Integrating Custom Embeddings
The Phoenix ranker uses a sophisticated multi-hash embedding system to represent users, posts, and authors. Instead of using raw IDs or hand-engineered features, the model maps entities into a shared vector space using multiple hash functions.
This guide walks you through configuring the hashing logic and integrating custom embedding lookups into the Phoenix pipeline.
Overview of Hash-Based Embeddings
Phoenix does not use a single embedding table for an ID. Instead, it uses multiple hash functions to index into smaller tables, which are then reduced into a final representation.

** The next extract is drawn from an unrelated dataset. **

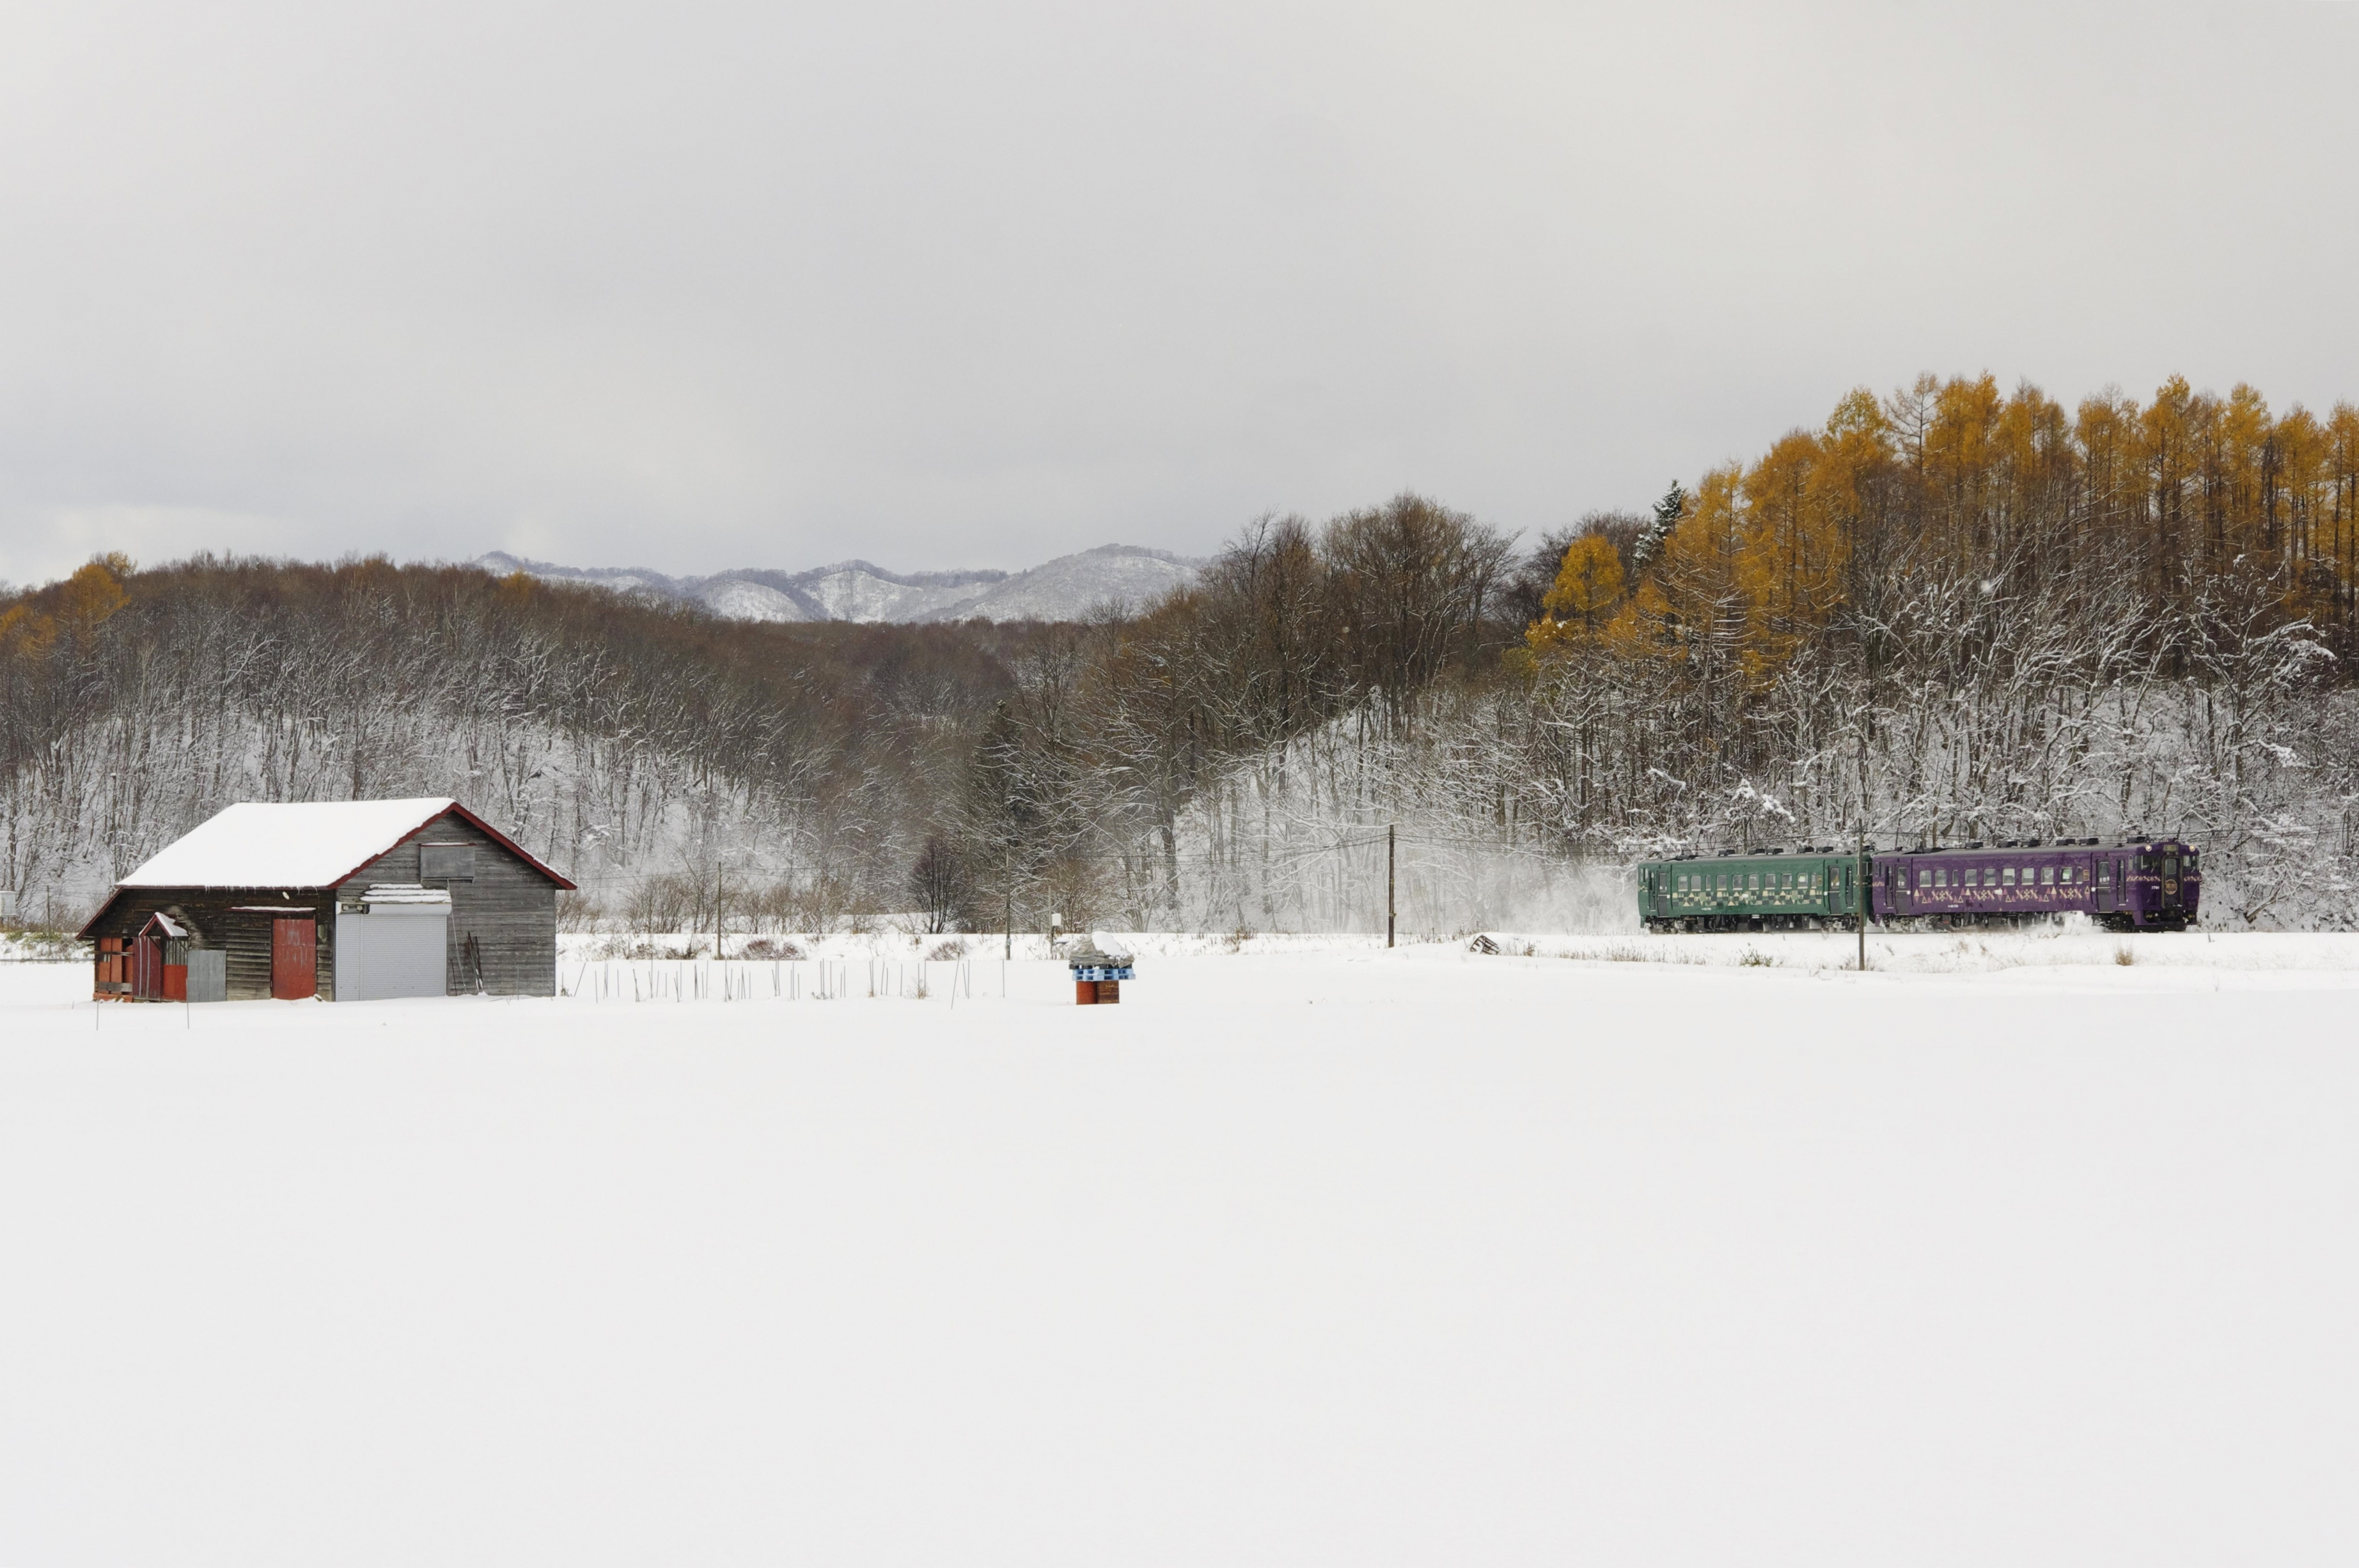 キハ40 紫水山明号 晩生内−札的 191117-1.jpg

This approach reduces collisions and improves the model's ability to generalize across a massive ID space.
The process follows three main steps:
- Hashing: Mapping an ID (User, Post, or Author) to $N$ hash values.

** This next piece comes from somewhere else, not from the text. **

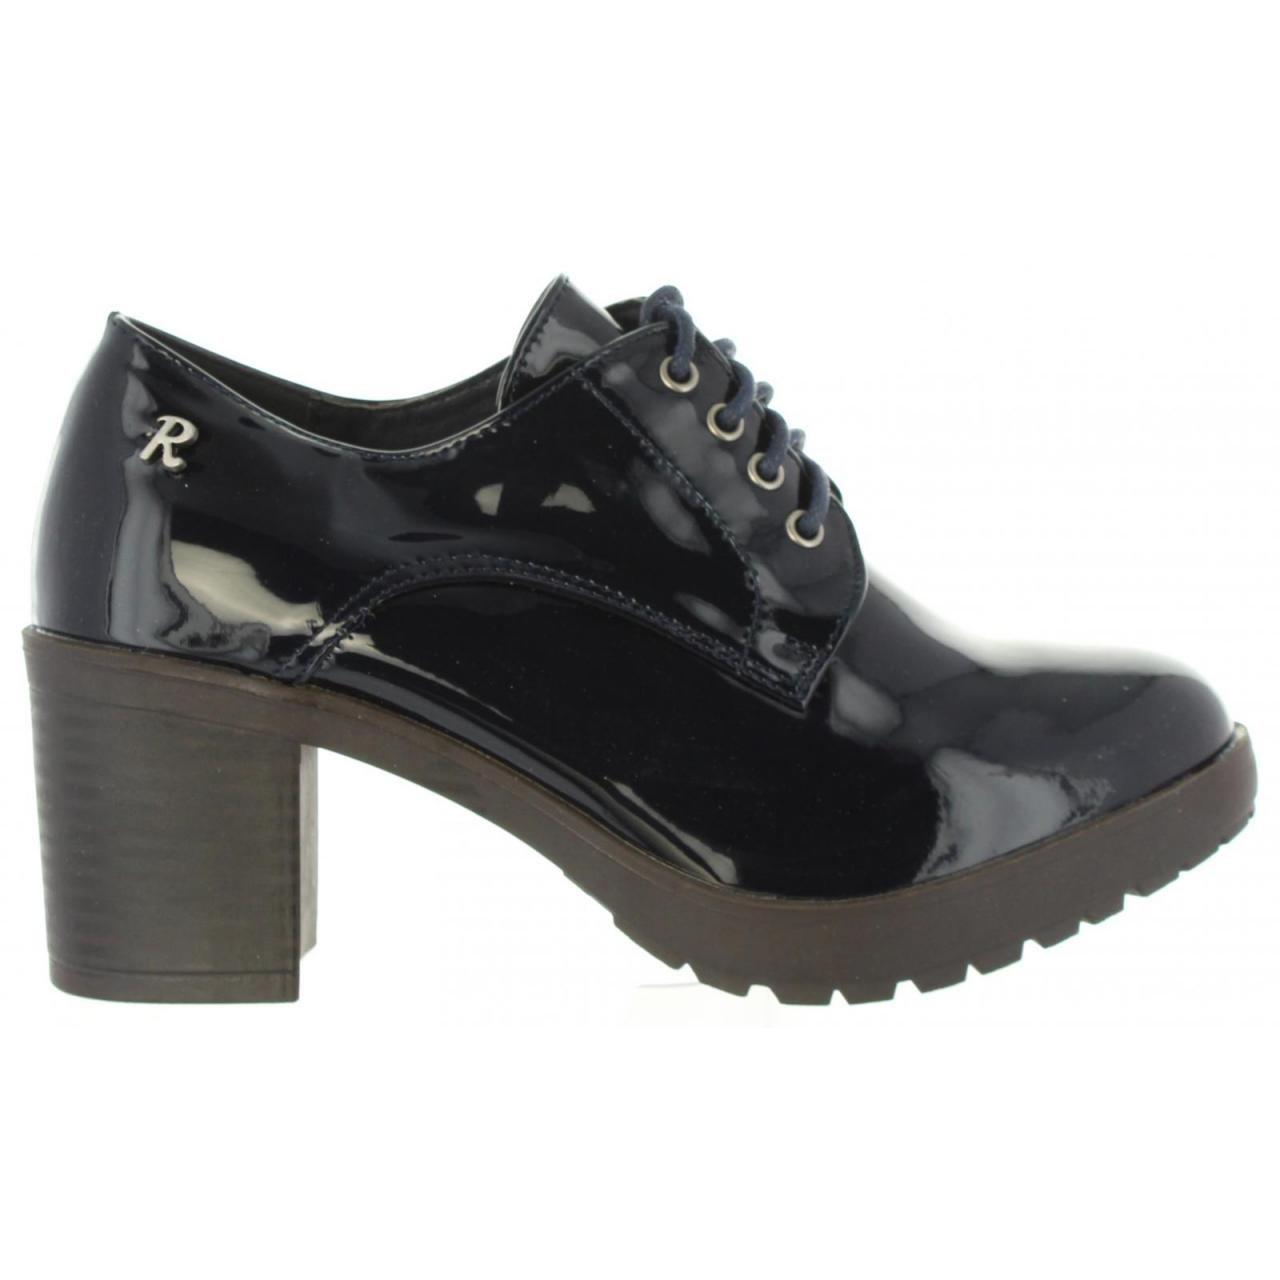 TALLA 39 EU. Zapatos de tacón de Mujer REFRESH 63661 Charol Navy

- Lookup: Retrieving vectors from an embedding table for each hash value.
- Reduction: Combining these vectors using a learnable projection (e.g.,
block_user_reduce).
Step 1: Configure Hashing Parameters
First, define how many hash functions the model should expect for each entity type. This is managed via the HashConfig class.
from phoenix.recsys_model import HashConfig
# Define how many hash functions to use per entity
hash_config = HashConfig(
num_user_hashes=2,
num_item_hashes=2,
num_author_hashes=2
)
Note: The hash value
0is reserved for padding or invalid entities. Ensure your hashing logic accounts for this offset.
Step 2: Prepare the Embedding Container
Before passing data to the transformer, you must look up the raw vectors from your storage layer (e.g., a key-value store or a JAX array). These are then wrapped in the RecsysEmbeddings dataclass.
The shape for these arrays should generally be [BatchSize, NumHashes, EmbeddingDimension].
import jax.numpy as jnp
from phoenix.recsys_model import RecsysEmbeddings
# Example: Prepare looked-up embeddings for a batch of 1
# D = Embedding Dimension (e.g., 64)
embeddings = RecsysEmbeddings(
user_embeddings=jnp.ones((1, 2, 64)), # [B, num_user_hashes, D]
history_post_embeddings=jnp.ones((1, 128, 2, 64)), # [B, SeqLen, num_item_hashes, D]
candidate_post_embeddings=jnp.ones((1, 32, 2, 64)),# [B, CandLen, num_item_hashes, D]
history_author_embeddings=jnp.ones((1, 128, 2, 64)),
candidate_author_embeddings=jnp.ones((1, 32, 2, 64))
)
Step 3: Implement the Reduction Logic
Phoenix provides built-in utilities to "flatten" these multiple hash embeddings into a single vector that the transformer can process. You will typically use block_user_reduce and block_history_reduce inside your model's forward pass.
Reducing User Embeddings
The block_user_reduce function concatenates the hash-embeddings and projects them back to the model's standard embedding size.
from phoenix.recsys_model import block_user_reduce
# user_hashes: [B, num_user_hashes]
# user_embeddings: [B, num_user_hashes, D]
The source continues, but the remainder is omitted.